CHICAGO (Reuters) -Grain trader and processor Bunge Global said on Wednesday its first-quarter profit fell less than expected as rising global trade tensions prompted consumers to secure goods ahead of tariff-fueled price increases, increasing demand.
Weak oilseed crush margins in North America and Argentina and lower returns in ocean freight operations dampened earnings as the company turned in its lowest first-quarter result in five years.
"The first quarter exceeded our expectations, driven in part by some pull forward of activity from Q2 into Q1," said CEO Greg Heckman. "Shifting trade dynamics, including tariffs and regulatory uncertainty, prompted some farmers and consumers to act ahead of potential changes."
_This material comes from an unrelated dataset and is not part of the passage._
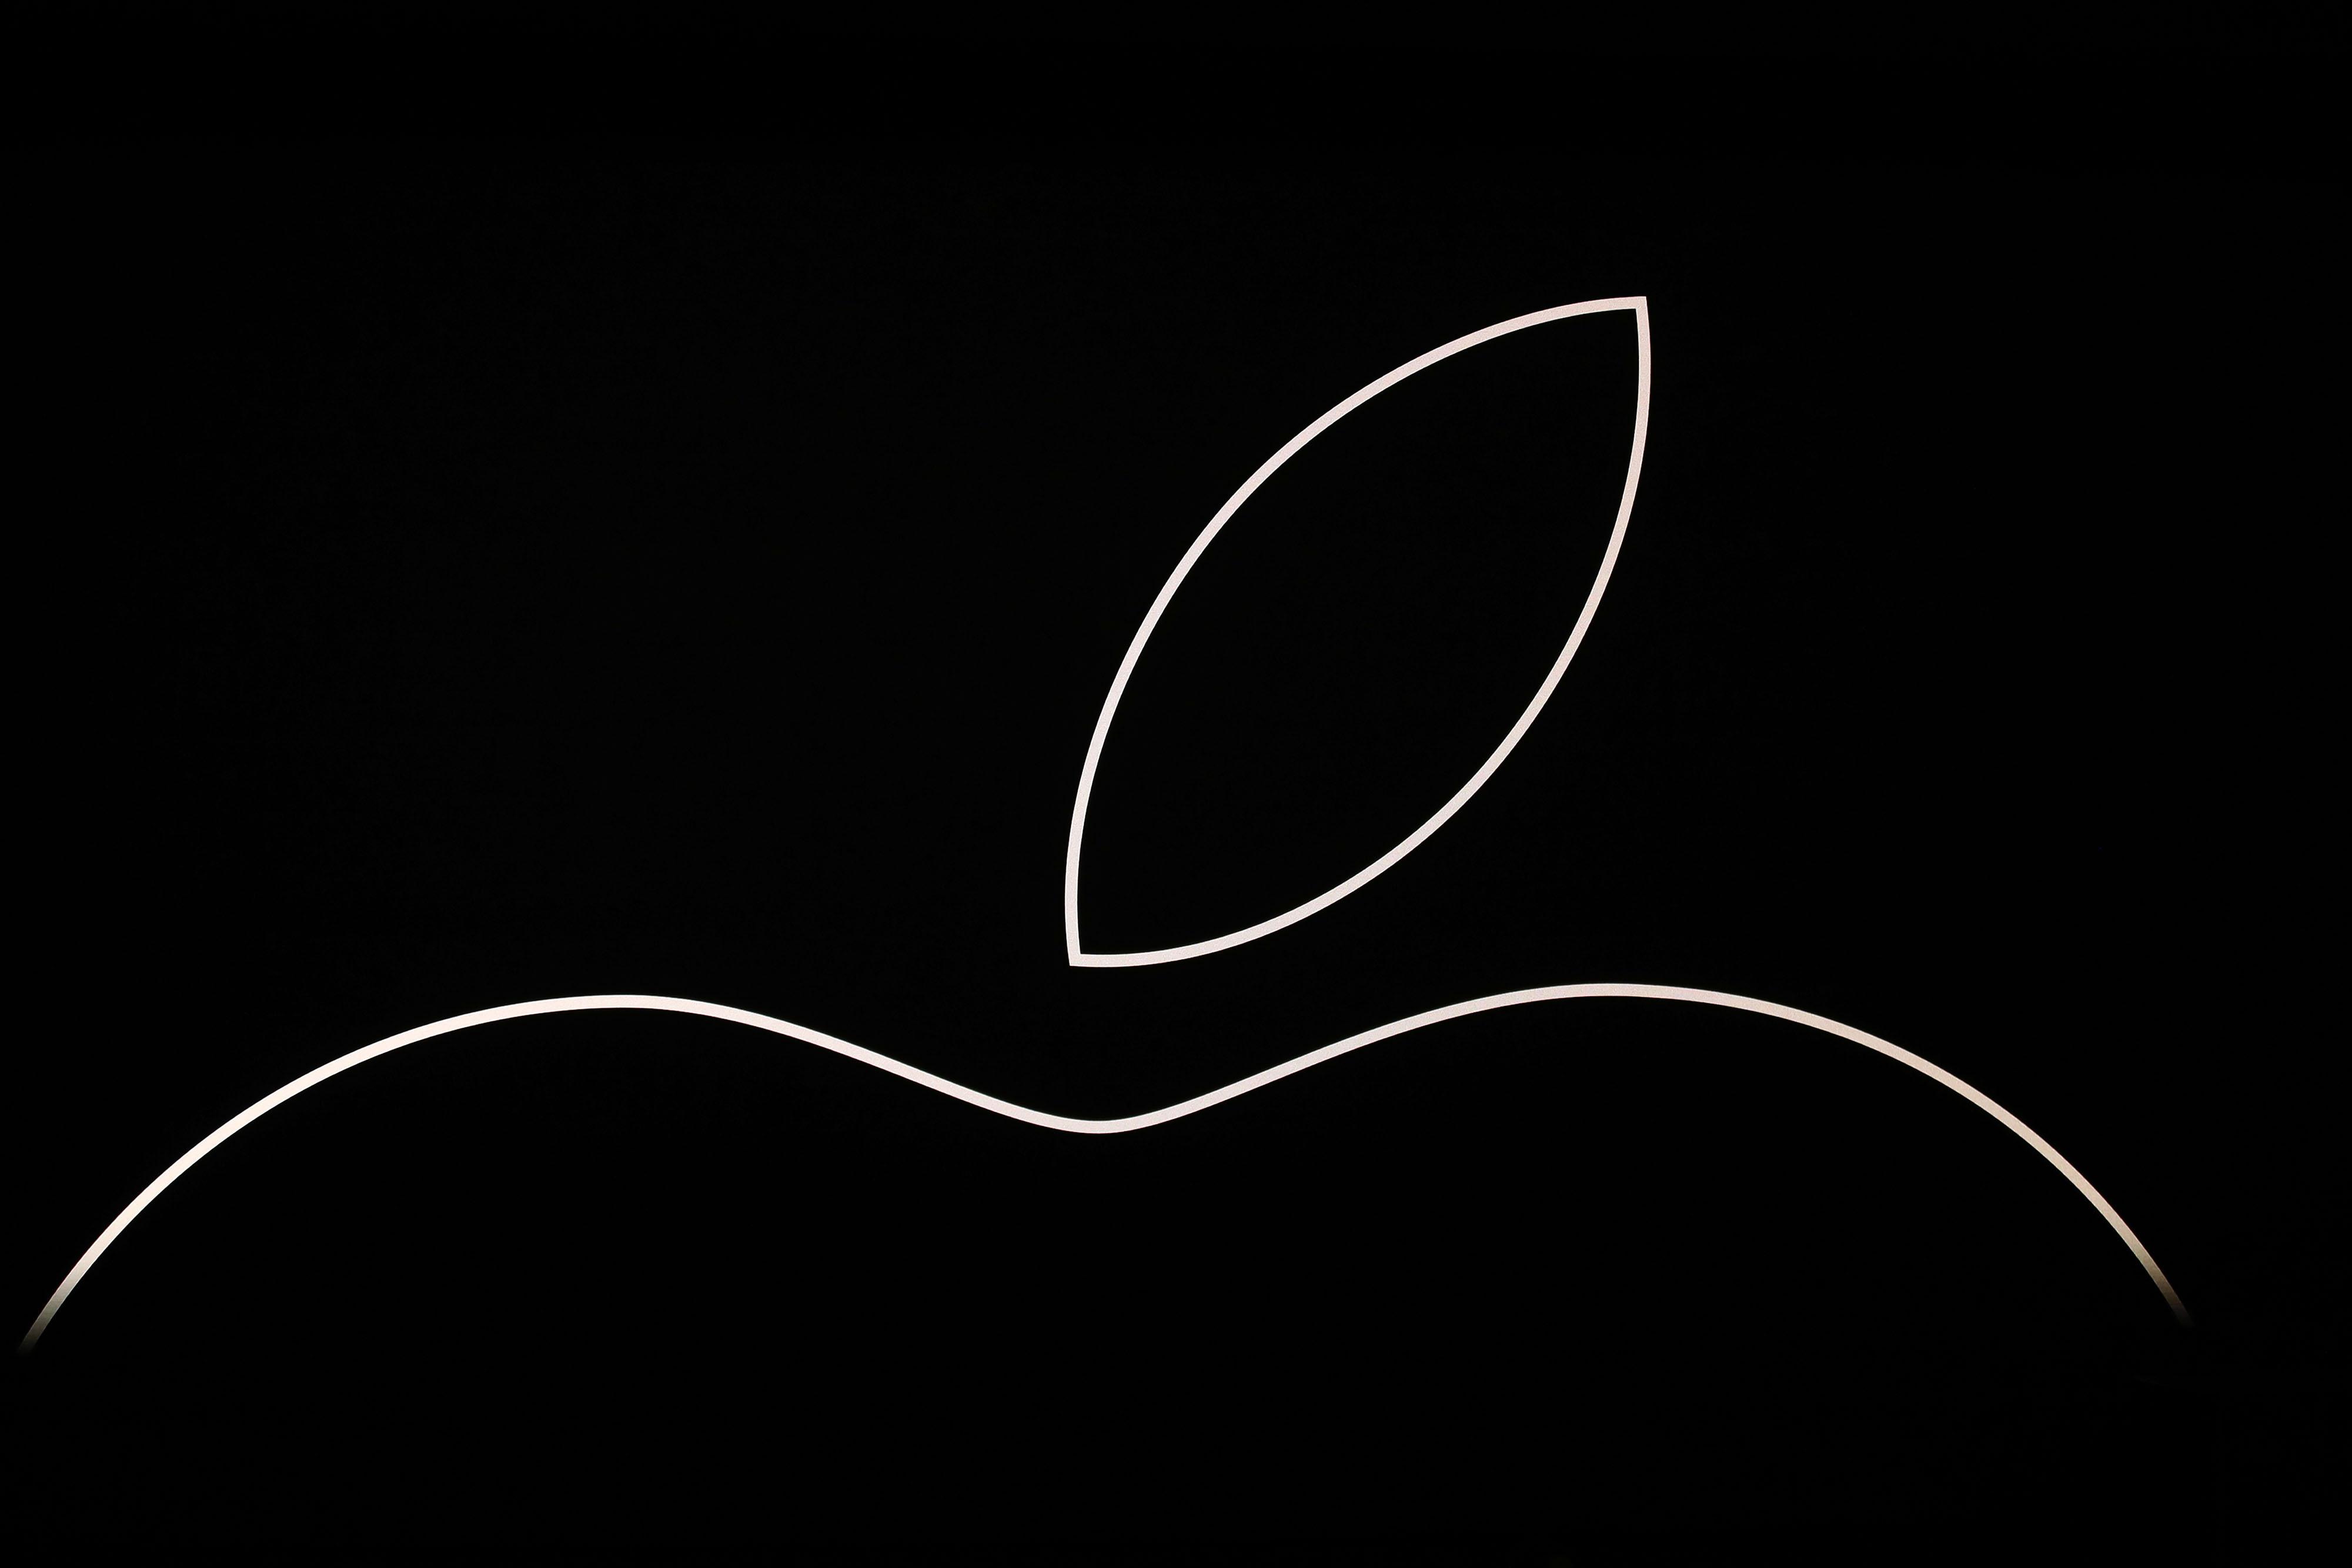 Apple расширяет сотрудничество с киноиндустрией
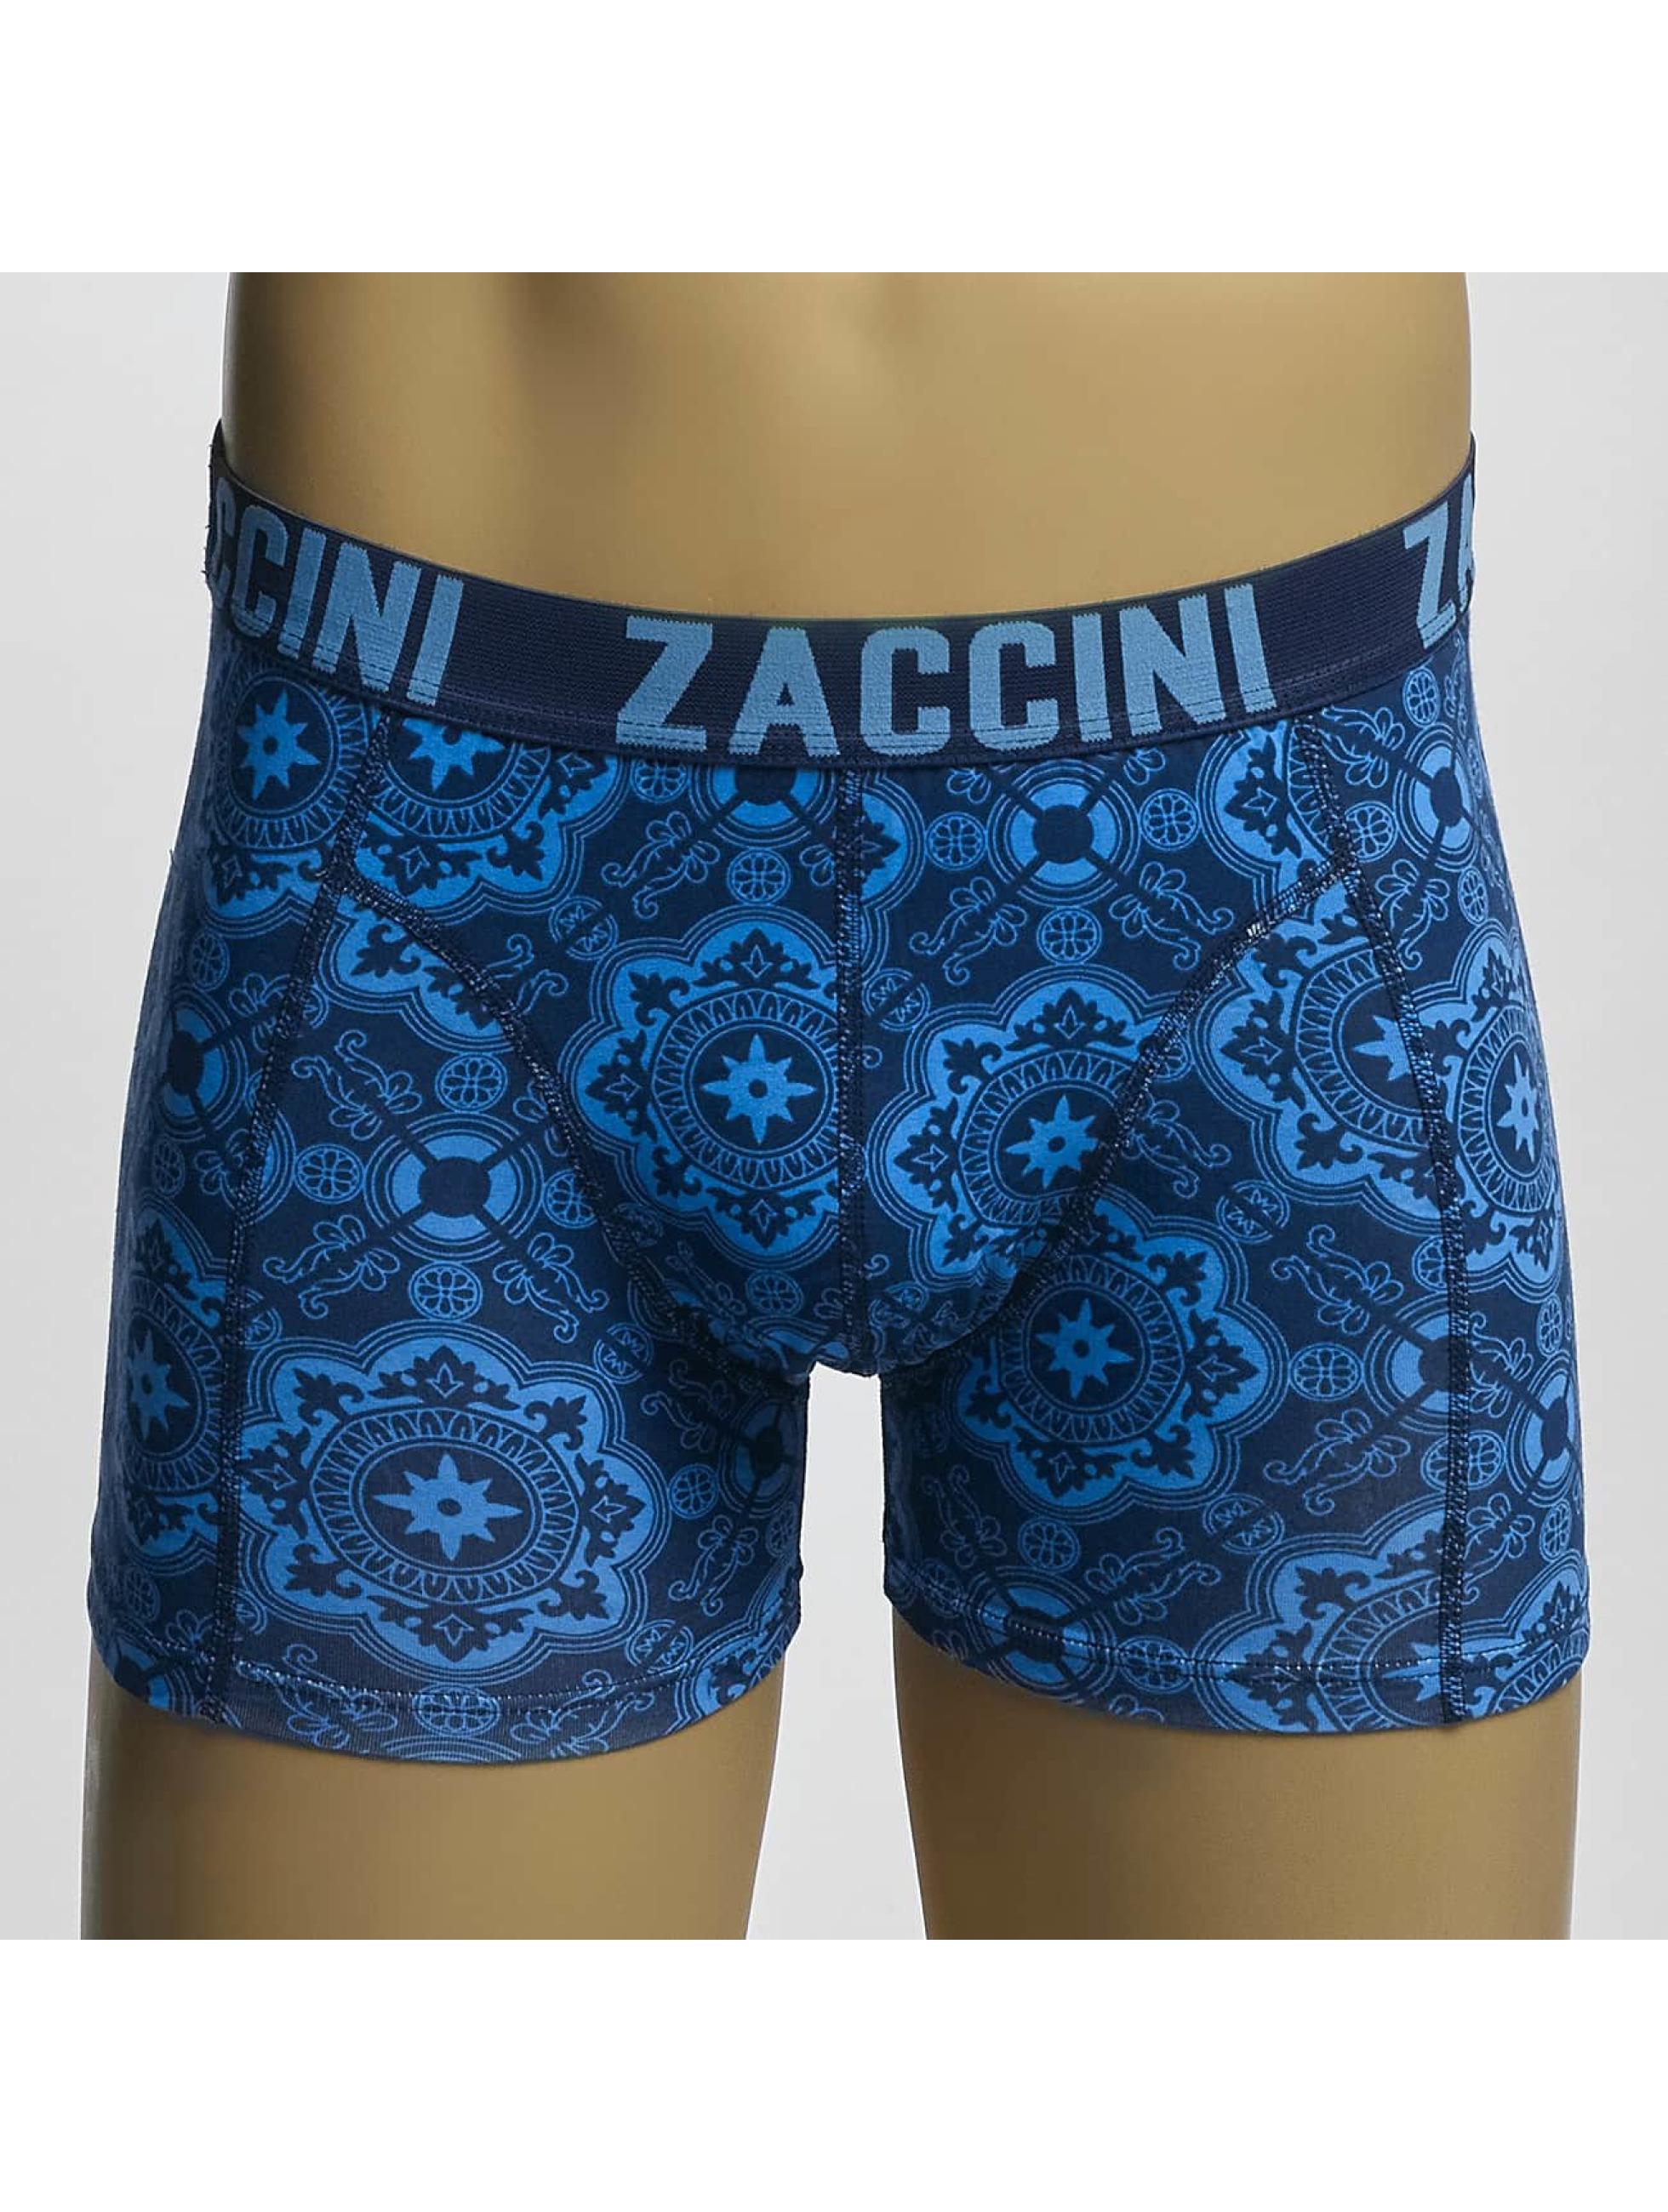 Zaccini Boxer Short Blue Tiles blue

Bunge shares at midday were down 1.8% at $76.72.
Trade tensions stoked by U.S. President Donald Trump's sweeping tariffs have disrupted trade flows and created headwinds for Bunge and agribusiness peers including Archer-Daniels-Midland and Cargill. The companies have already seen profits erode in recent quarters due to ample global crop supplies and thinning margins.
The challenges come as Bunge is waiting on regulatory approvals from China before it can close a long-delayed deal to acquire grain handler Viterra.
Adjusted earnings in Bunge's agribusiness segment, its largest in revenue and sales, fell 45% in the quarter, largely due to a steep drop in processing returns. Its refined & specialty oils and milling segments saw earnings drop 40% and 46%, respectively.
Bunge reaffirmed its prior 2025 earnings guidance of an adjusted $7.75 per share, but said its agribusiness outlook would be weaker than previously expected. If realized, it would be Bunge's worst annual profit since 2019, according to LSEG data.
"Bunge appears to have benefited from a pull-forward in activity as farmers and consumers sought to get ahead of tariffs. We expect Q2 results to be sequentially weaker, particularly in Bunge's largest segment, agribusiness," said Arun Sundaram, senior equity analyst at CFRA Research.
Missouri-based Bunge posted an adjusted profit of $1.81 per share for the three months ended March 31, down from $3.04 in the same period a year ago, but above analysts' average estimate of $1.30 per share, according to LSEG data.
Rival ADM on Tuesday reported its lowest first-quarter profit in five years and lowered its 2025 outlook amid the trade policy uncertainty.